__EXERCISE DESCRIPTION__: Without changing a word, copy every line of the listing below and leave out the images.

__AVAILABLE DATA__:
********************

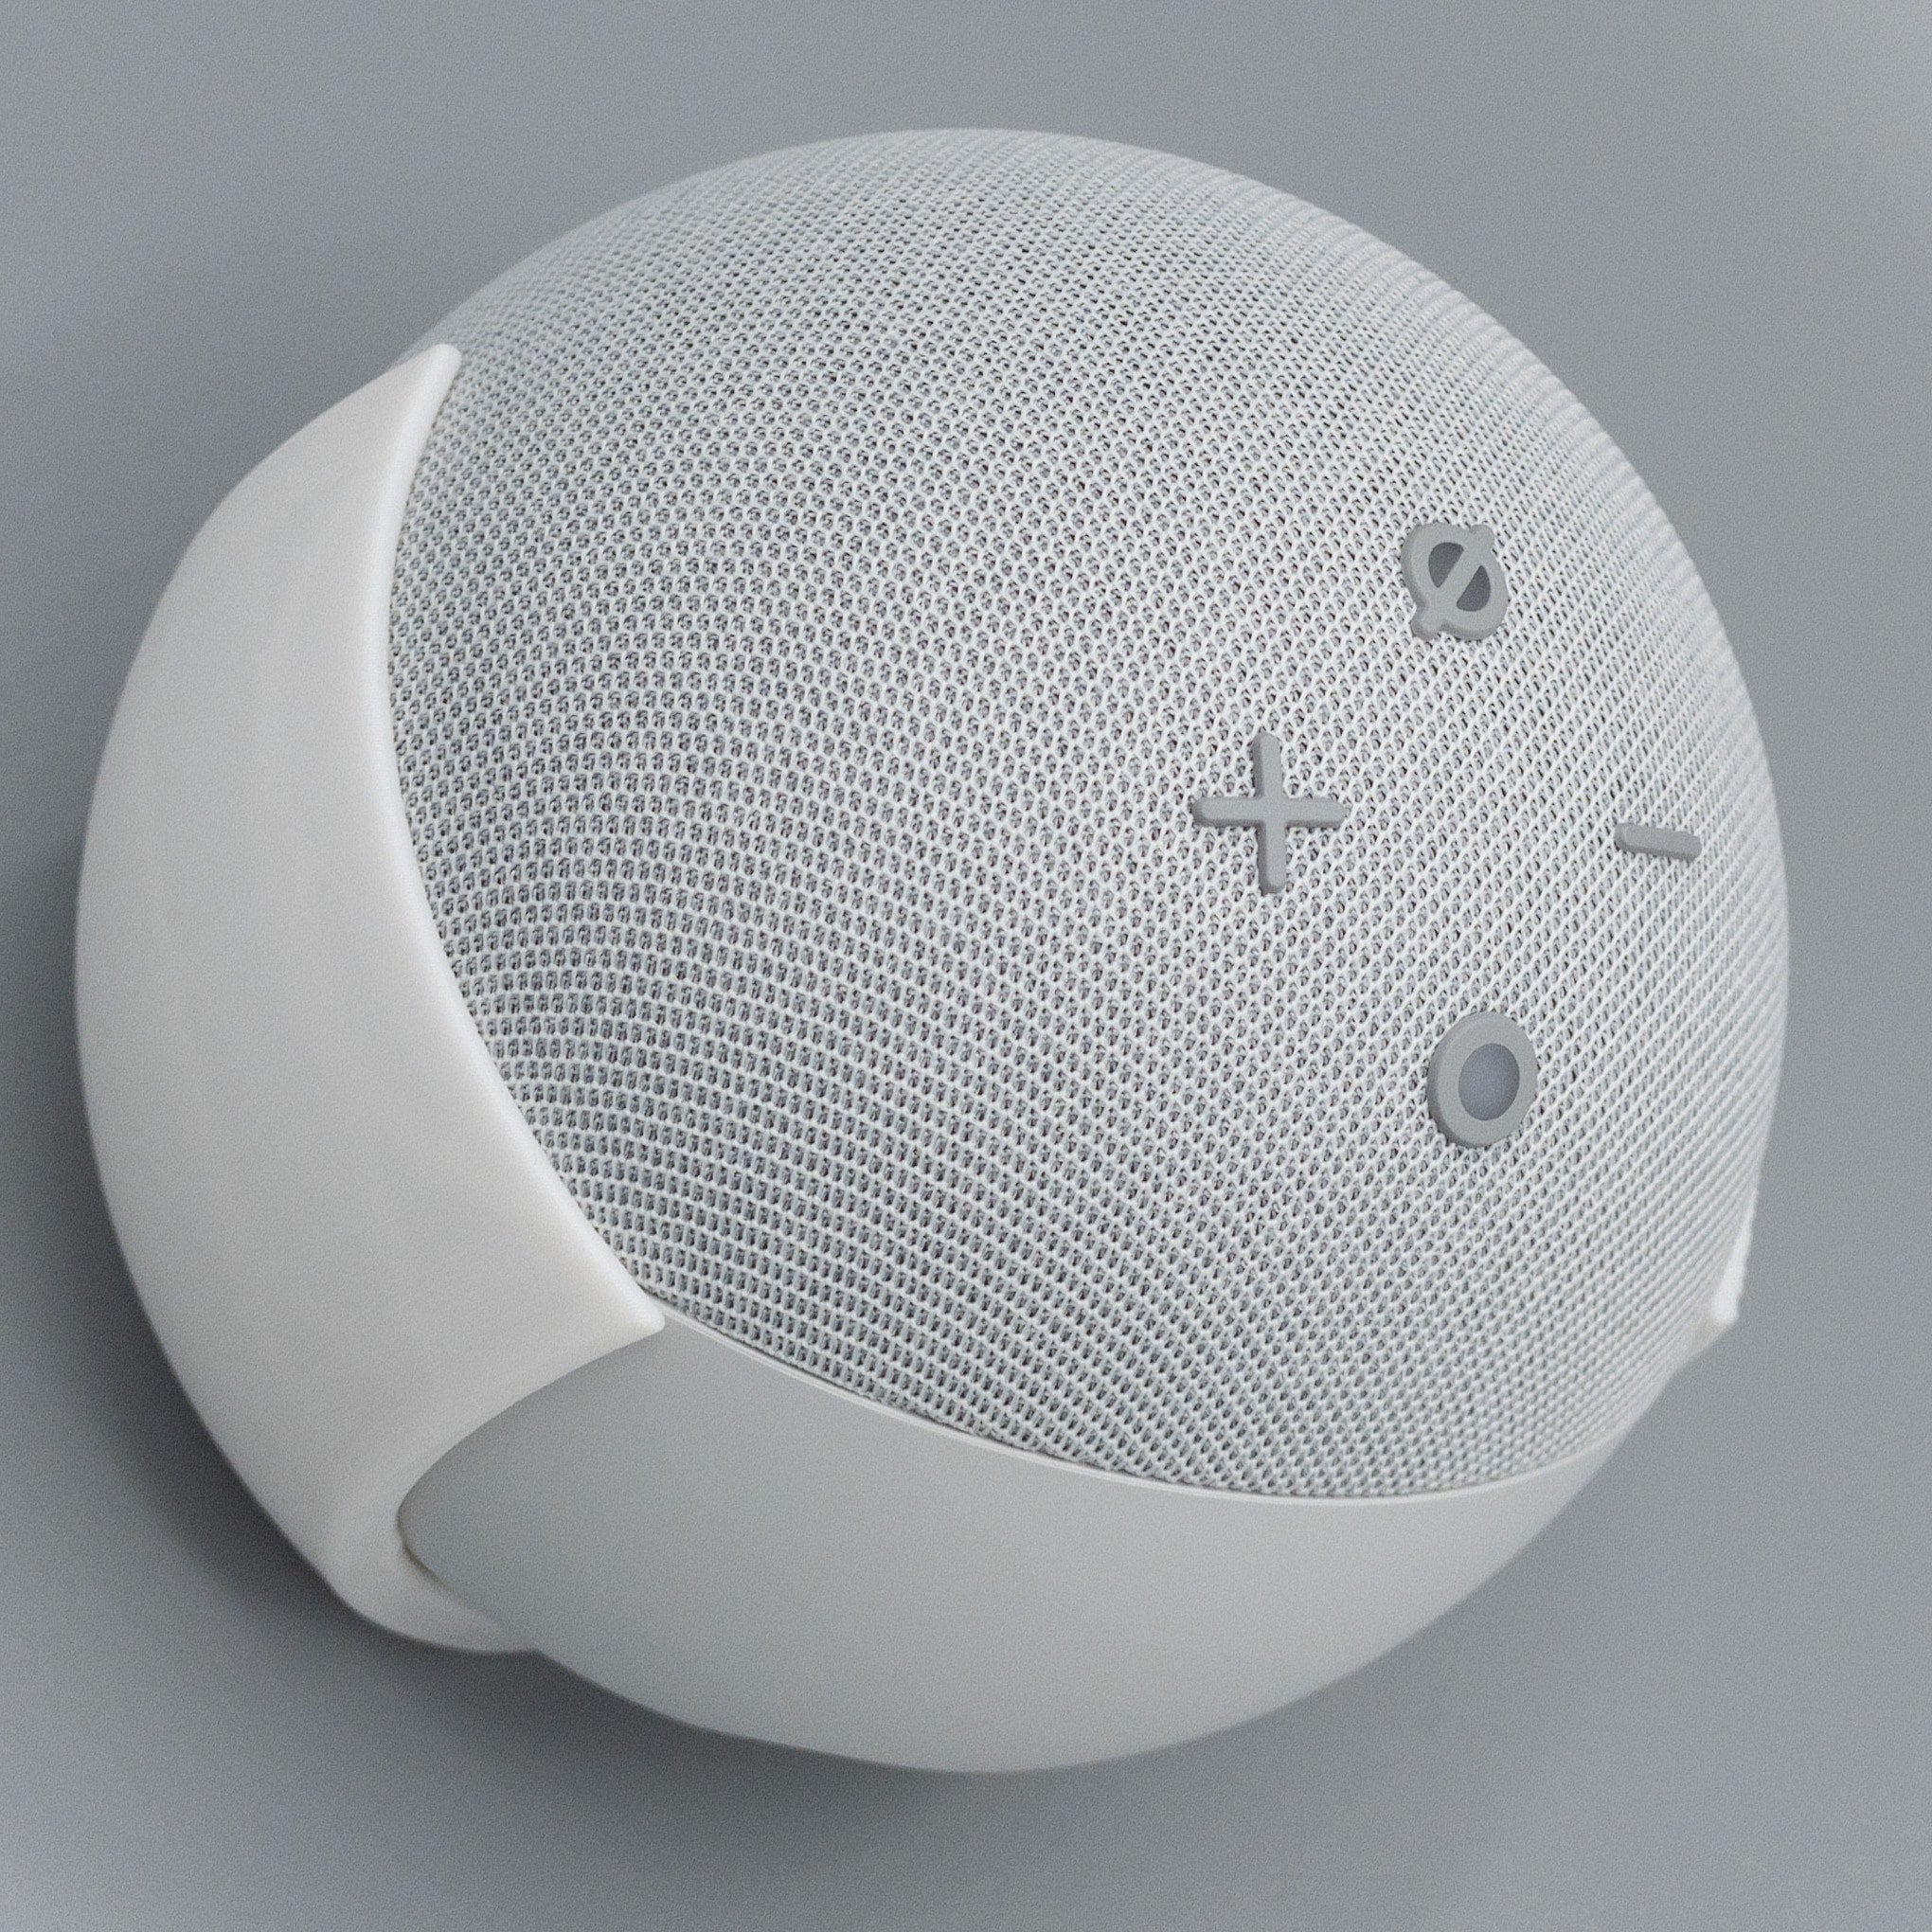 Wandhalterung für Echo Dot 3 Generation Gen Smart Speaker Stand Bracket Mount 
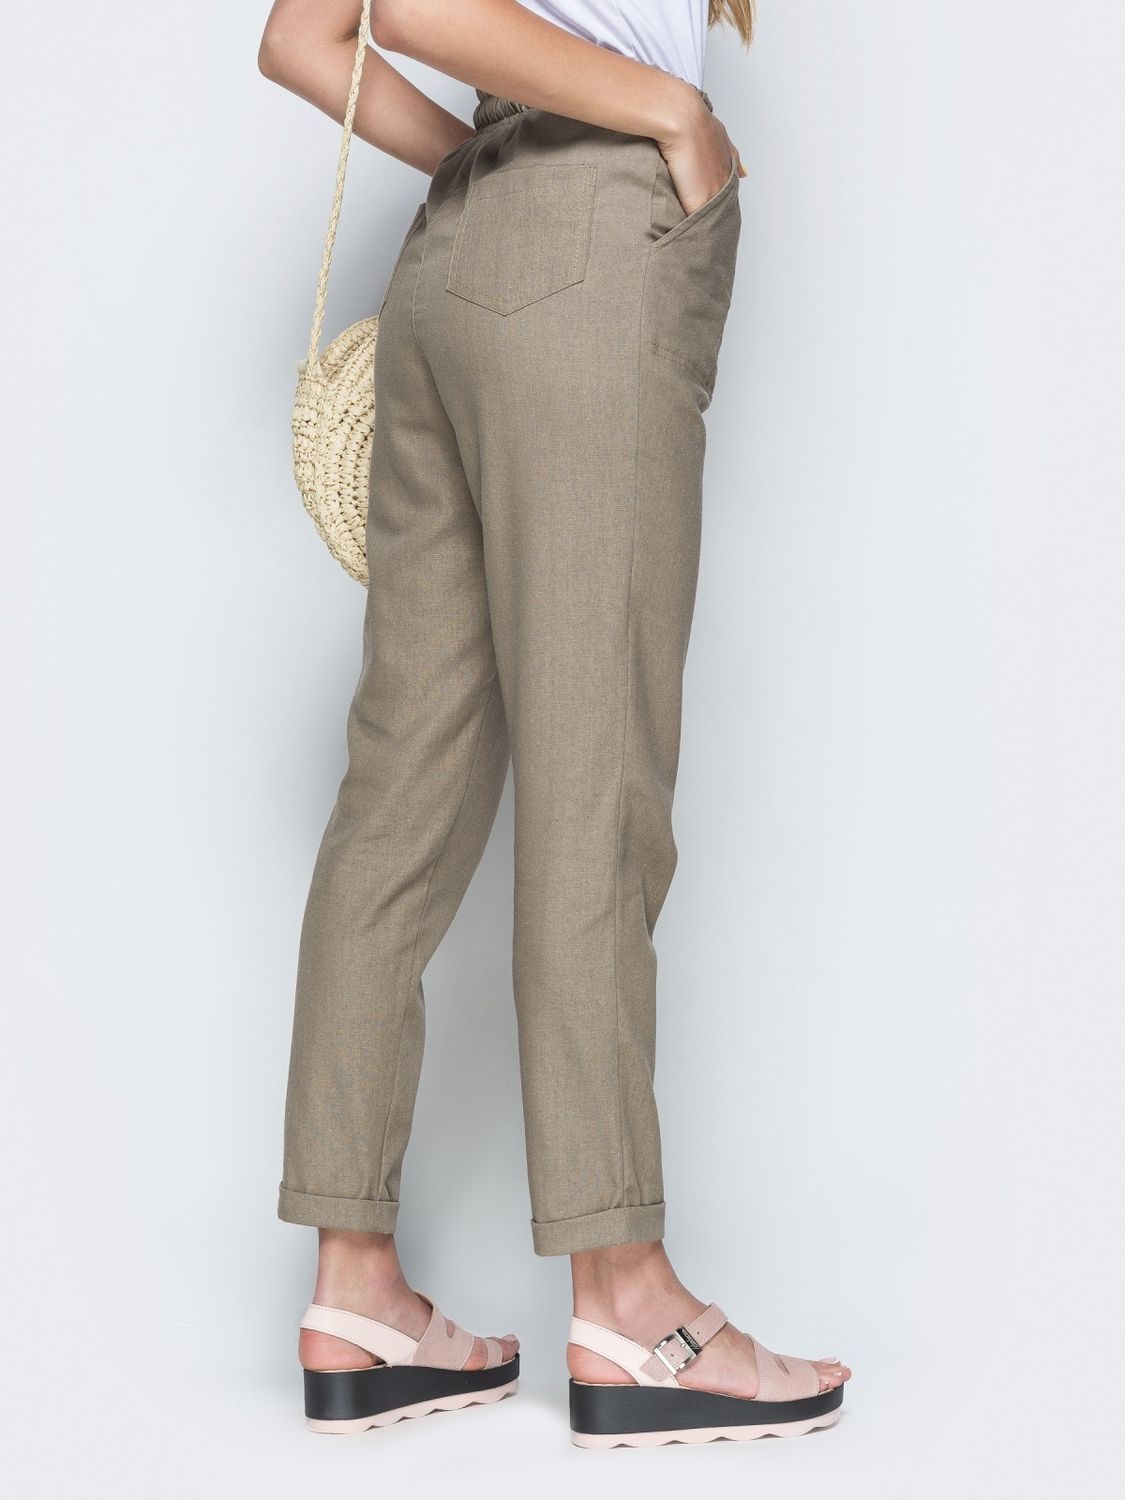 Льняные брюки на лето бежевого цвета - фото
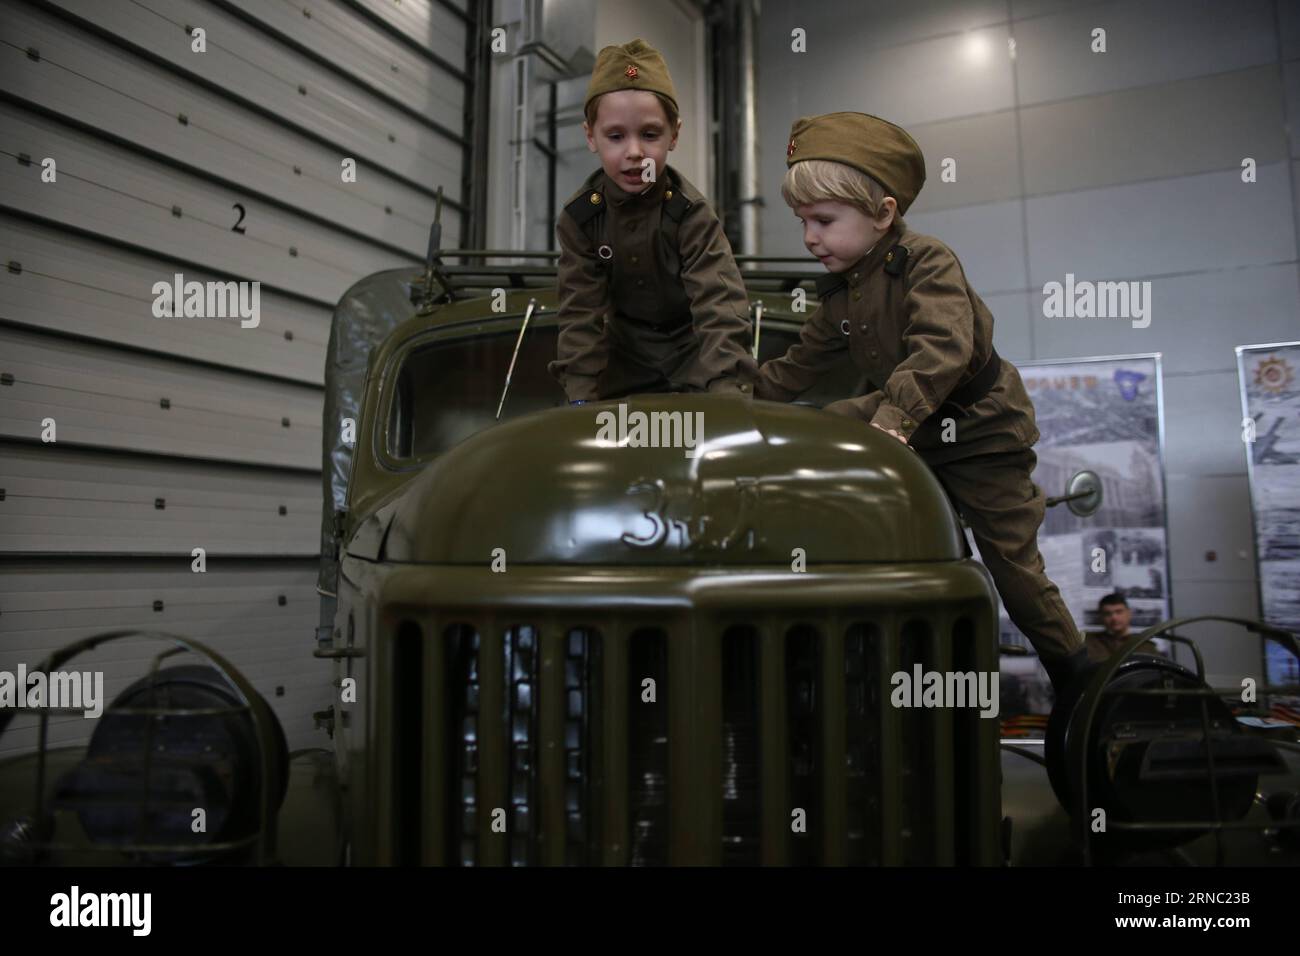 (160318) -- MOSKAU, 18. März 2016 -- Kinder spielen am 18. März 2016 in Moskau, Russland, auf Ausstellungsmodellen mit Kostümkleidung in sowjetischer Uniform im Stil des Zweiten Weltkriegs. Die internationale Ausstellung „Motors of war“ in Moskau zeigt Fahrzeuge, die am Zweiten Weltkrieg teilgenommen haben und vom 18. Bis 20. März stattfinden werden. RUSSLAND-MOSKAU-WWII-AUSSTELLUNG EvgenyxSinitsyn PUBLICATIONxNOTxINxCHN Moskau 18. März 2016 Kinder spielen AUF Belichtungsmodellen in Kostümen stilisierte sowjetische Uniform aus dem Zweiten Weltkrieg in Moskau Russland AM 18. März 2016 Internationale Ausstellung Engine of was in Moskau zeigt FAHRZEUGE nahmen AM Zweiten Weltkrieg Teil und will Hero vom 18. Bis 20. März Stockfoto

********************

__THE ANSWER__:
 Wandhalterung für Echo Dot 3 Generation Gen Smart Speaker Stand Bracket Mount 
 Льняные брюки на лето бежевого цвета - фото
 (160318) -- MOSKAU, 18. März 2016 -- Kinder spielen am 18. März 2016 in Moskau, Russland, auf Ausstellungsmodellen mit Kostümkleidung in sowjetischer Uniform im Stil des Zweiten Weltkriegs. Die internationale Ausstellung „Motors of war“ in Moskau zeigt Fahrzeuge, die am Zweiten Weltkrieg teilgenommen haben und vom 18. Bis 20. März stattfinden werden. RUSSLAND-MOSKAU-WWII-AUSSTELLUNG EvgenyxSinitsyn PUBLICATIONxNOTxINxCHN Moskau 18. März 2016 Kinder spielen AUF Belichtungsmodellen in Kostümen stilisierte sowjetische Uniform aus dem Zweiten Weltkrieg in Moskau Russland AM 18. März 2016 Internationale Ausstellung Engine of was in Moskau zeigt FAHRZEUGE nahmen AM Zweiten Weltkrieg Teil und will Hero vom 18. Bis 20. März Stockfoto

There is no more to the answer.